Internet archives sometimes miss data
Brewster Kahle is the founder of the Internet Archive (IA), which crawls the web and archives copies of websites. His non-profit organization is part of the End of Term Web Archive project which has documented U.S. government websites at the end of each administration since 2004 and launched the Democracy’s Library project, a collection of government research and publications from around the world.
However, the Internet Archive’s crawlers don’t always pick up data sets and databases.
Those working to preserve U.S. government data sets are downloading them and, in many cases, storing them with the help of the Internet Archive.
“The efforts of these co-operating entities has yielded much, much more data being archived this time than other times,” said Kahle. “I think that’s an indication of people being extremely enthusiastic about trying to make sure that the government record is kept whole.”
Kahle said to date, the U.S. government hasn’t gone after government data stored by the Internet Archive.
“That would be highly unusual. We’ve never had anything like that happen,” Kahle said.
However, should that occur, its U.S. data centre is backed up in British Columbia by the Internet Archive Canada and vice versa. Kahle said the Democracy’s Library project is also housed in Canada.
“That’s what libraries do. We’re there to keep a record of what has happened — that’s a role that we play,” said Kahle. “Canada is always there to help out the United States Internet Archive.”
At the University of Guelph, geography professor Eric Nost is working with the Environmental Data Governance Initiative (EDGI) to preserve data from the EPA — particularly related to climate change and environmental justice.
“This data has a lot of importance in terms of being able to track environmental changes, to identify, for instance, what places are most burdened by pollution in the U.S., where the pollution is, where climate hazards exist,” Nost said. “That’s obviously very important to Americans, but it also has real relevance to Canadians as well.”
For example, some Canadian cities are downwind from American factories, he said.
“Having access to what’s coming out of the smokestacks is also really important for us.”
Nost said he knows of at least three other people in Canada also working to archive environmental data. He said his group has prioritized 60 data sets or tools, archived most of them and reconstructed tools like the EPA’s EJScreen.

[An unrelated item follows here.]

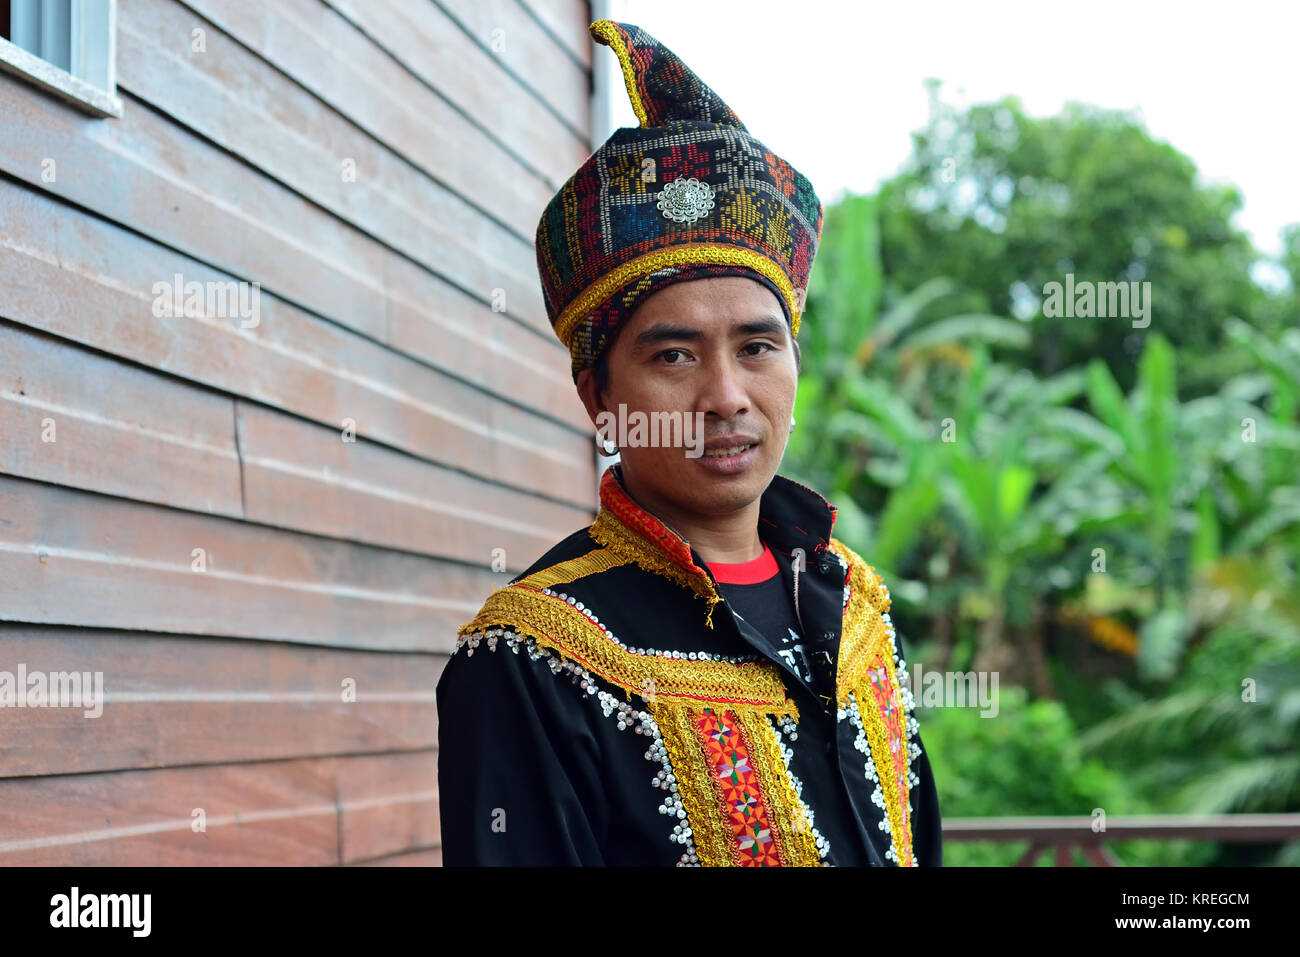 Portrait of Malaysian Native Man From Sabah Borneo in Traditional Costume. Stock Photo

Nost said his group is also finding that some websites are currently blocked to anyone accessing them from outside the U.S. such as the Federal Emergency Management Agency’s national risk index map.
Matt Price, an associate professor at the University of Toronto who is also working with EDGI, says preserving the data is important because the U.S. is the biggest scientific powerhouse in the world.
“We should care about American data because the American federal government has been the default custodian of large quantities of data that the whole world needs,” Price said.
Jessica Mahr is a Toronto-based employee for the Environmental Policy Innovation Center helping co-ordinate different groups trying to archive U.S. government environmental data. She says the data and tools being removed affects research that informs policy to improve quality of life.
“Without those tools you’re not able to have an informed understanding of who is suffering and then where to provide them with funding or programs that would improve their lives,” Mahr said.